### Material supplied
===
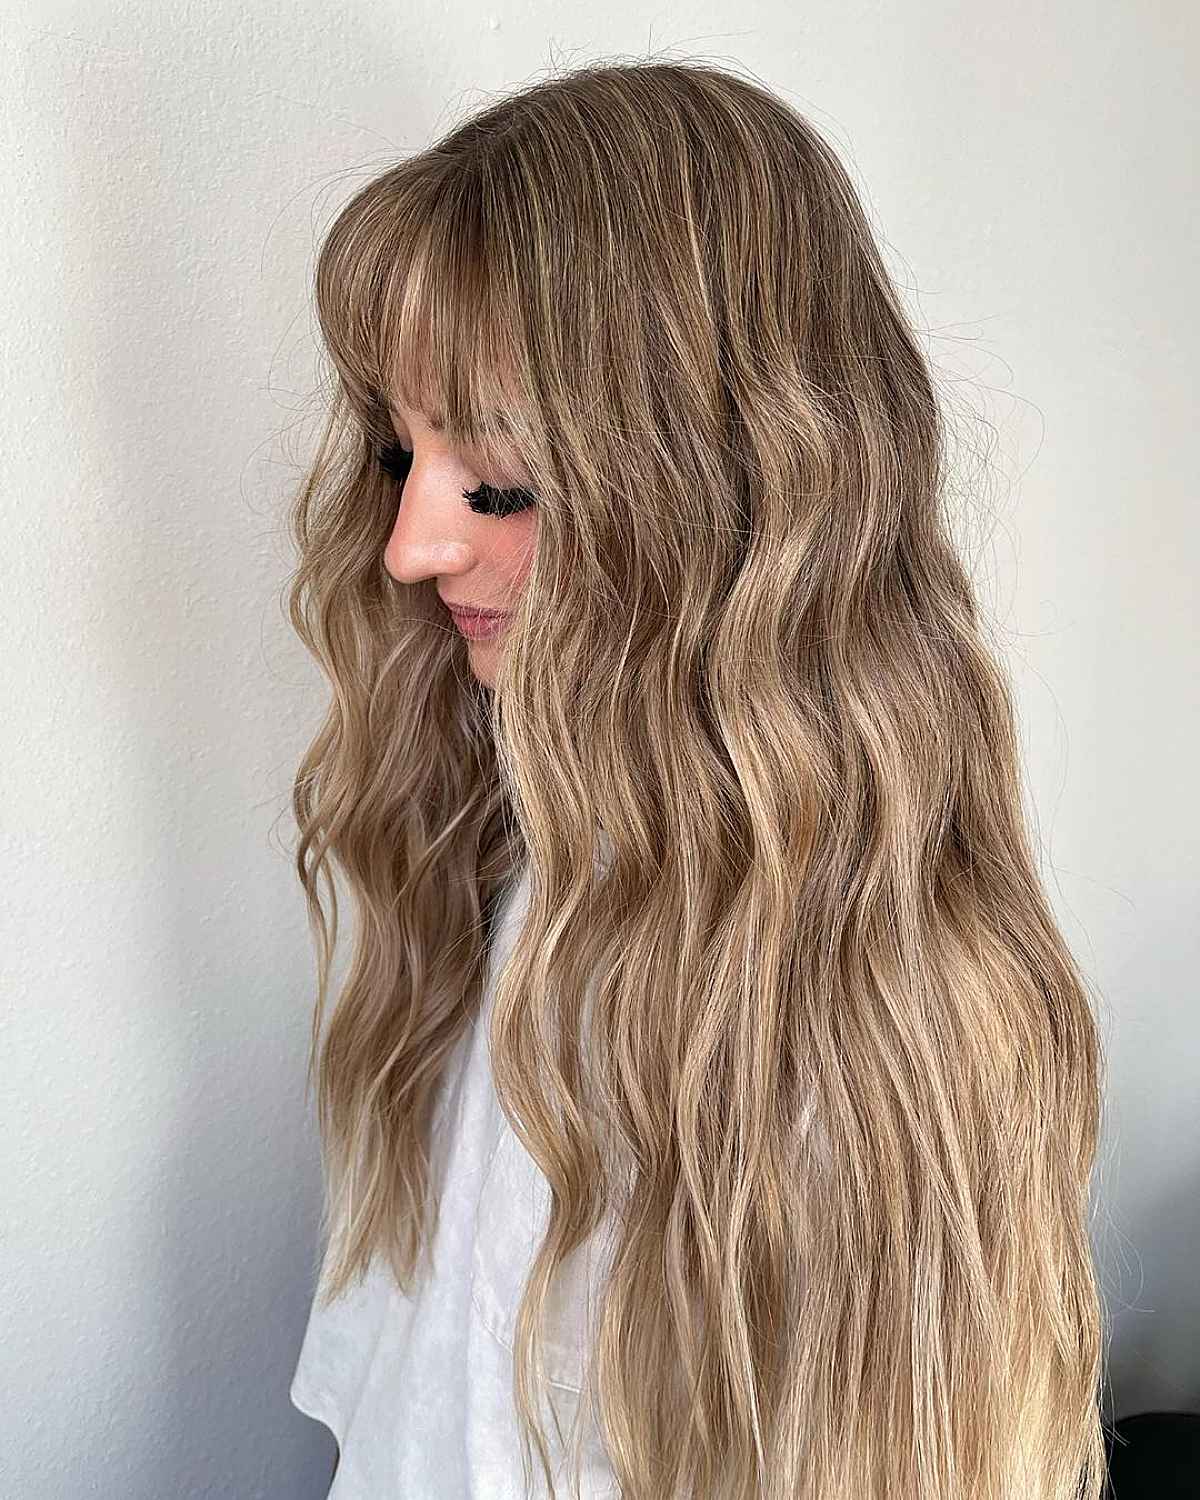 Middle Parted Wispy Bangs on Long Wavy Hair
===
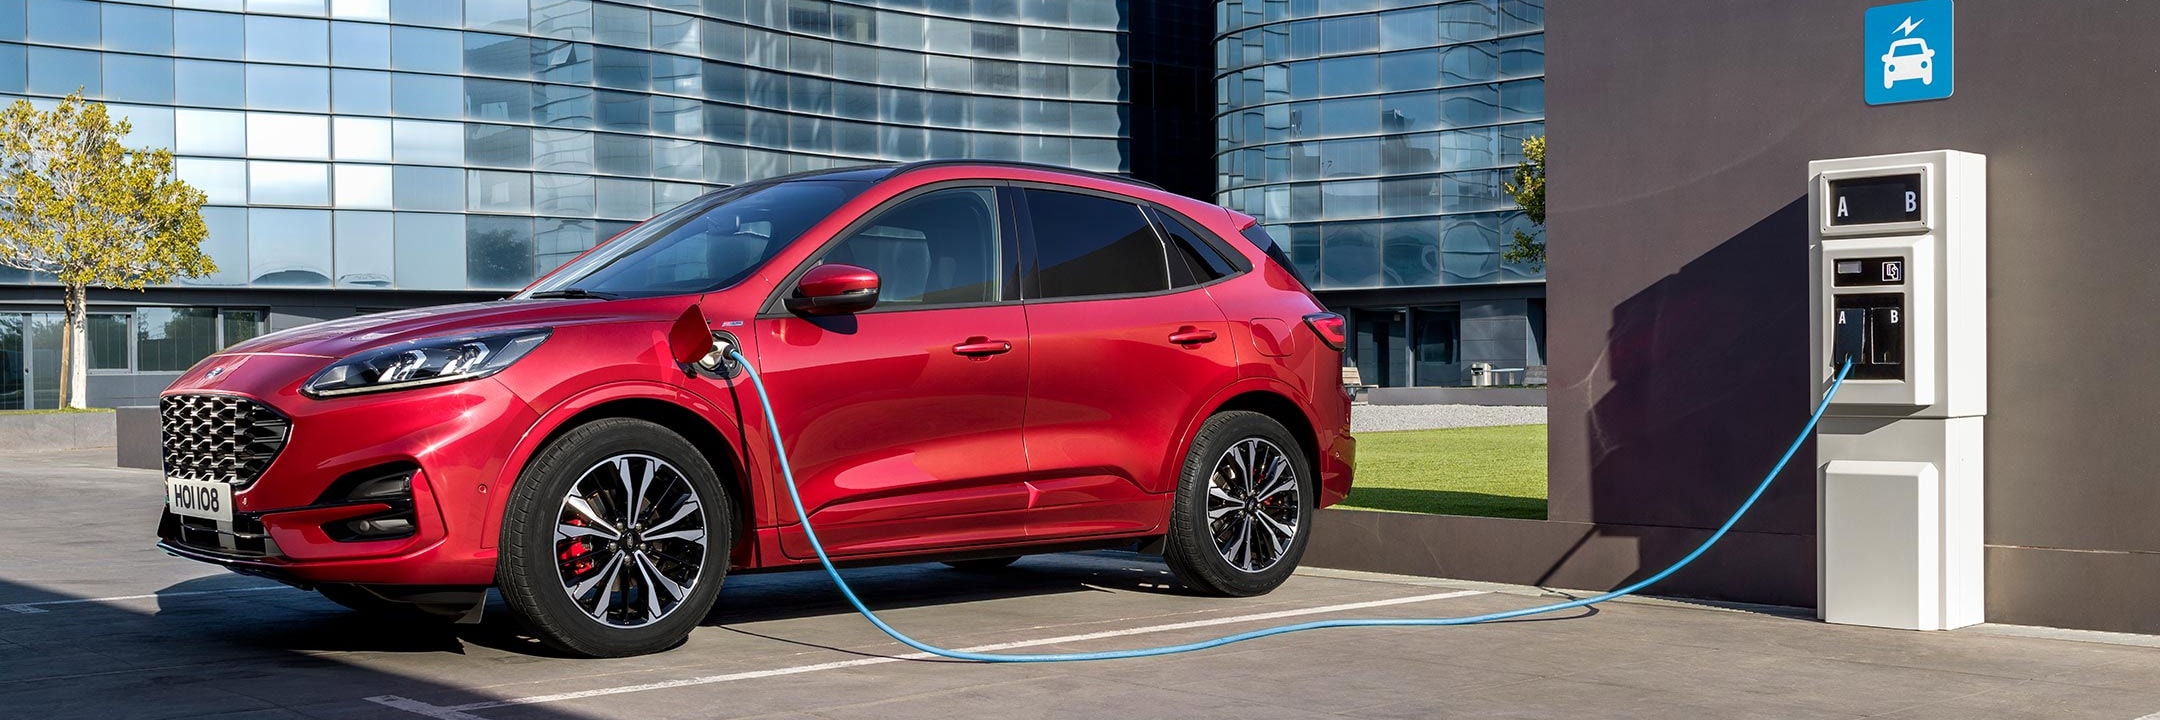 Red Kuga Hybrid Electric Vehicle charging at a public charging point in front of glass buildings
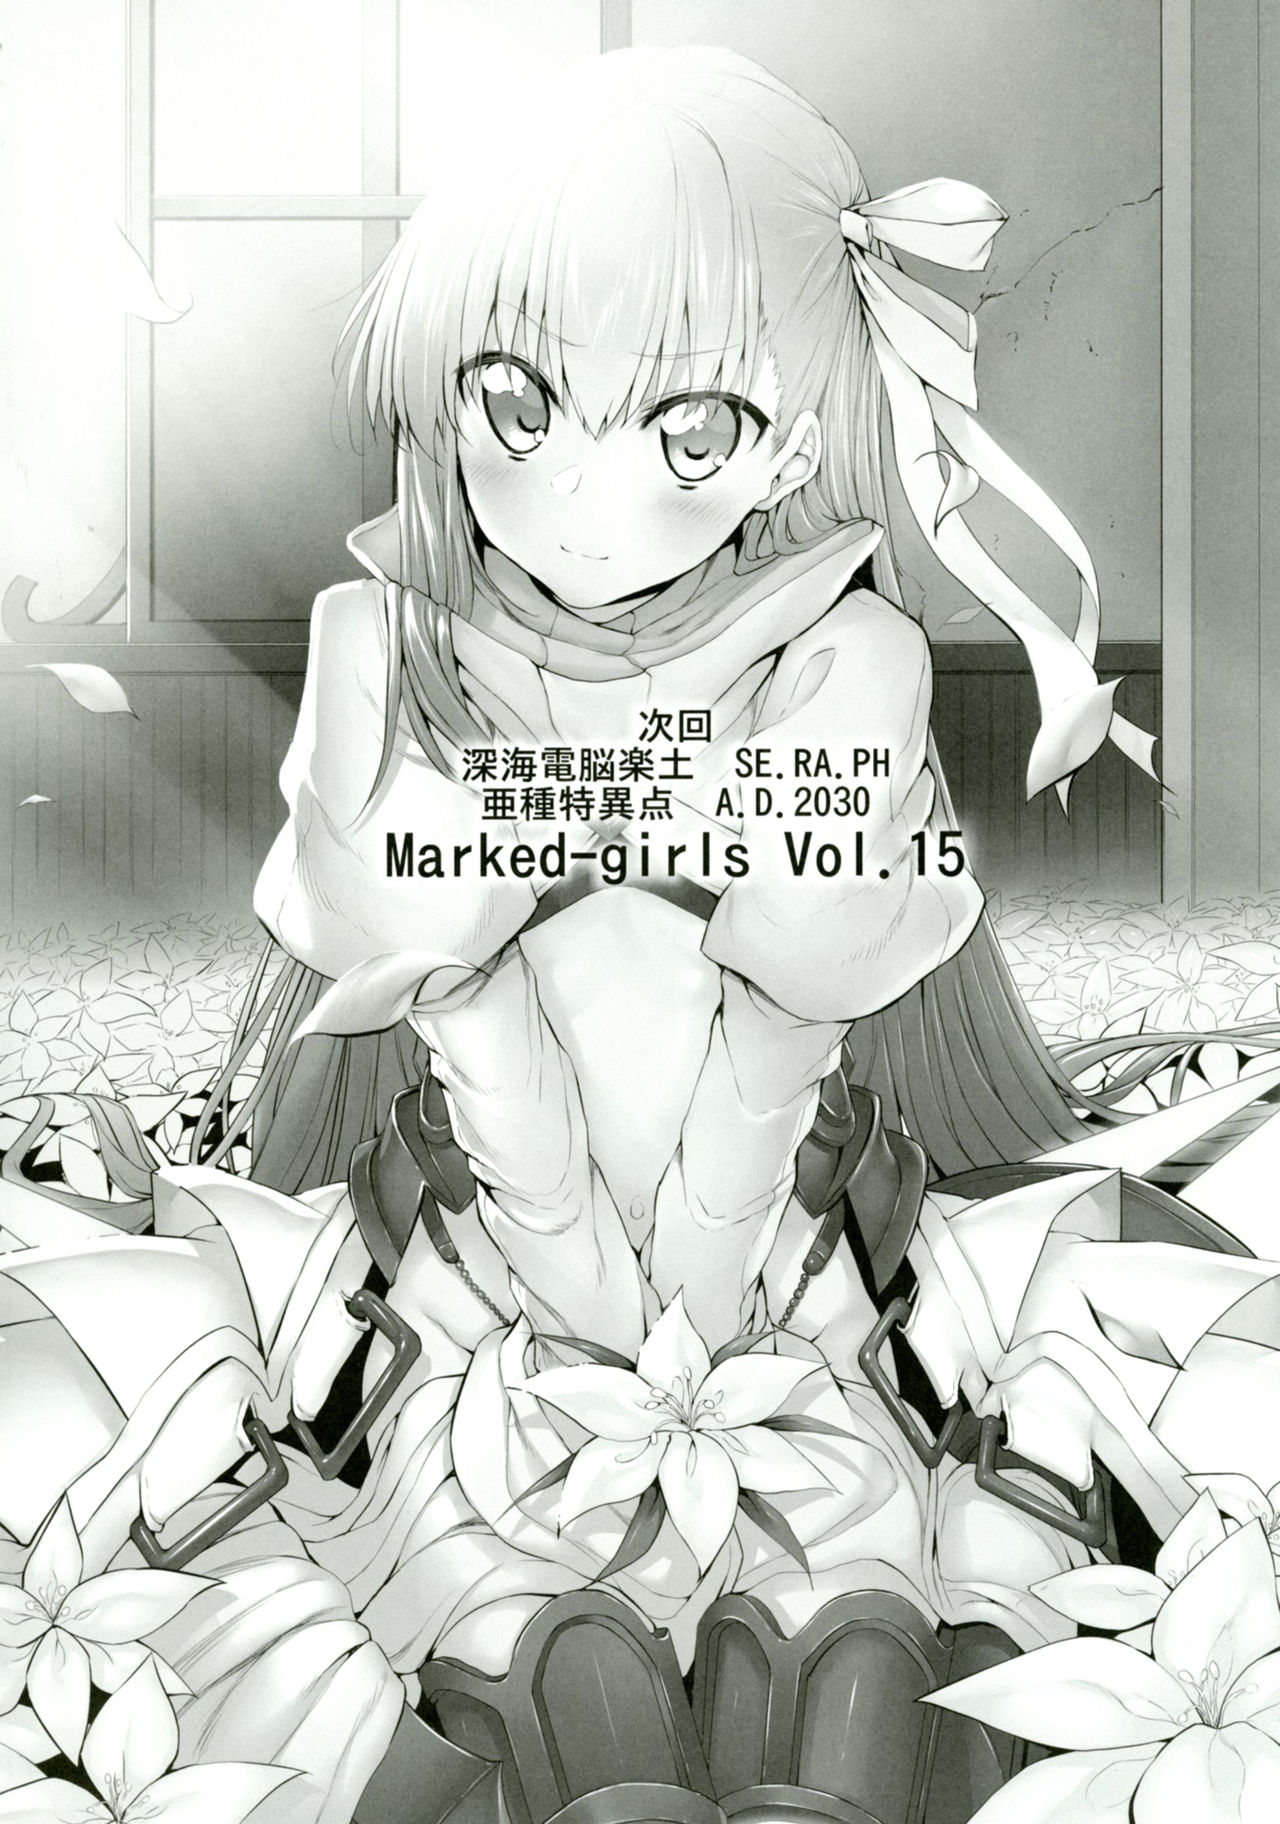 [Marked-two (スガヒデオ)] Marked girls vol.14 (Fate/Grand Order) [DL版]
===
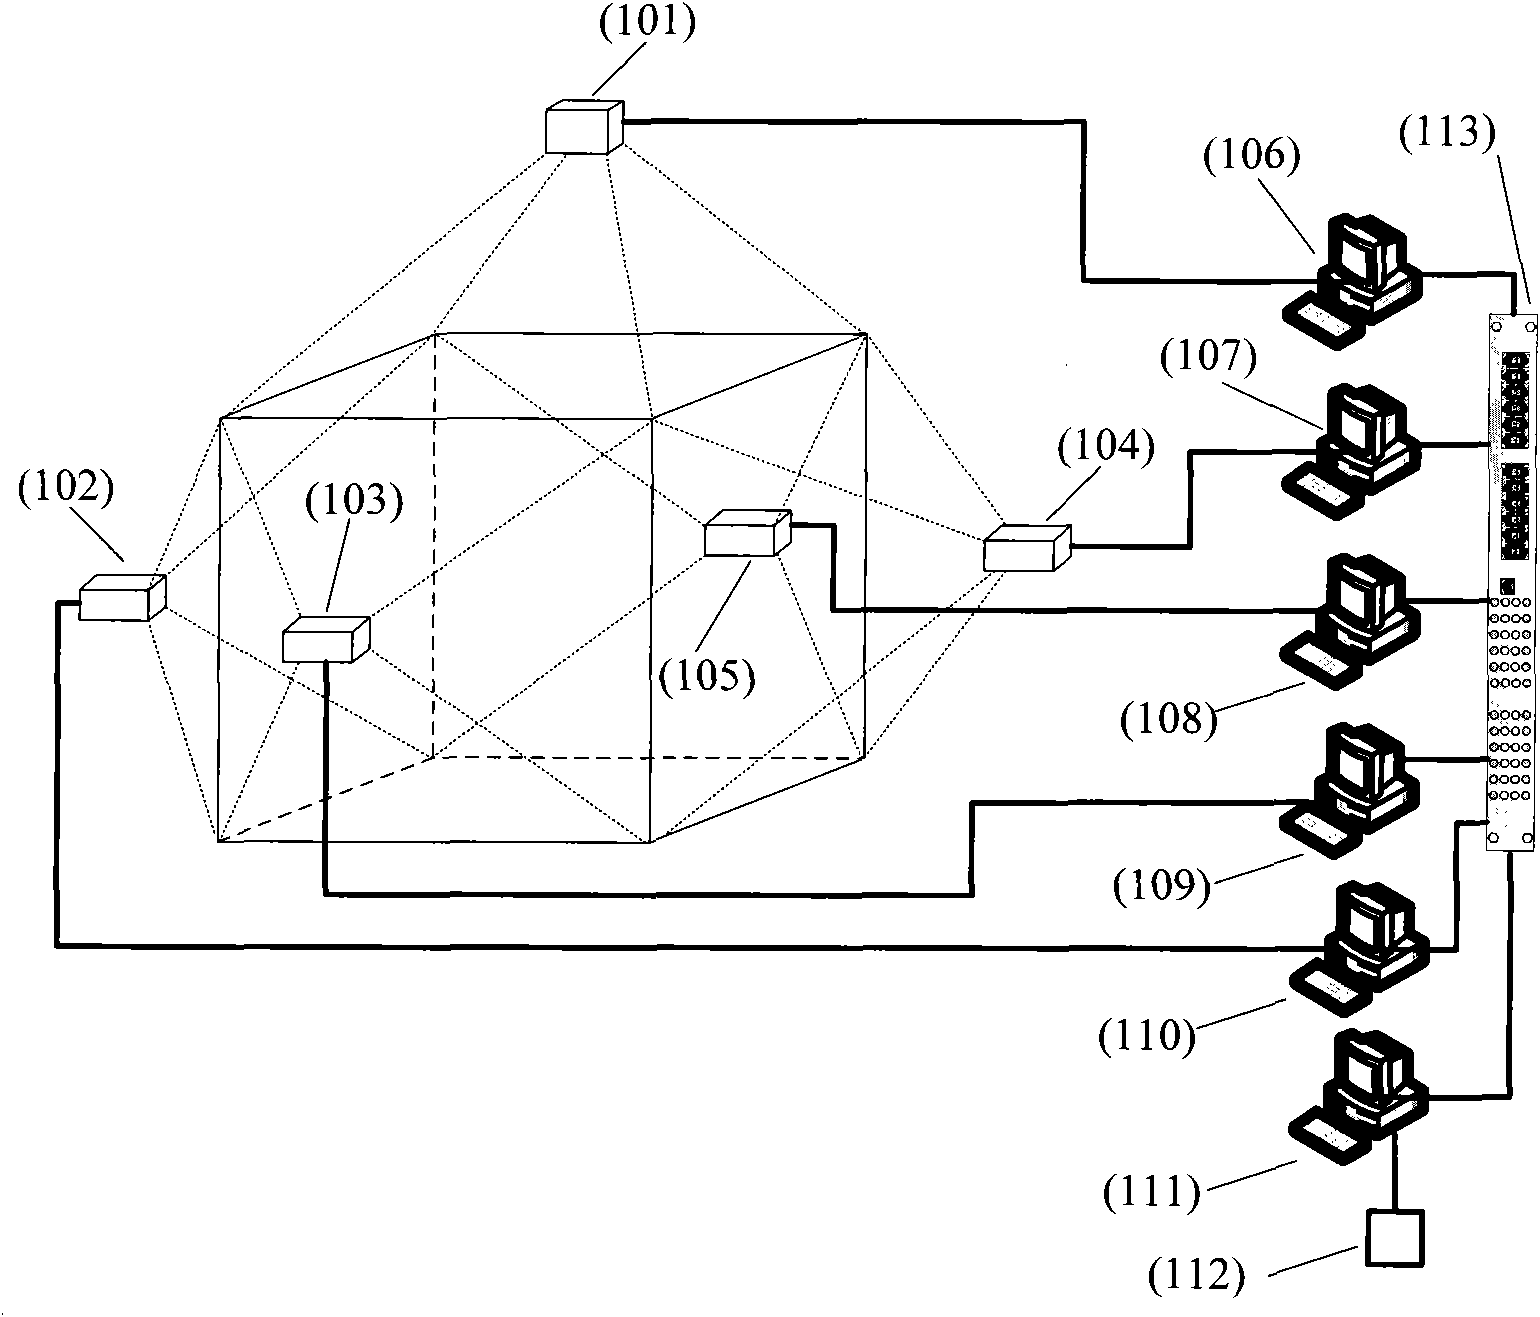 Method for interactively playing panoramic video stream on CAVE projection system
===
### Task to complete
The response must repeat exactly the lines above from the one with "Red Kuga Hybrid" through the one with "[Marked-two (スガヒデオ)] Marked", including both, and must contain no pictures and no other text.

### Response
 Red Kuga Hybrid Electric Vehicle charging at a public charging point in front of glass buildings
 [Marked-two (スガヒデオ)] Marked girls vol.14 (Fate/Grand Order) [DL版]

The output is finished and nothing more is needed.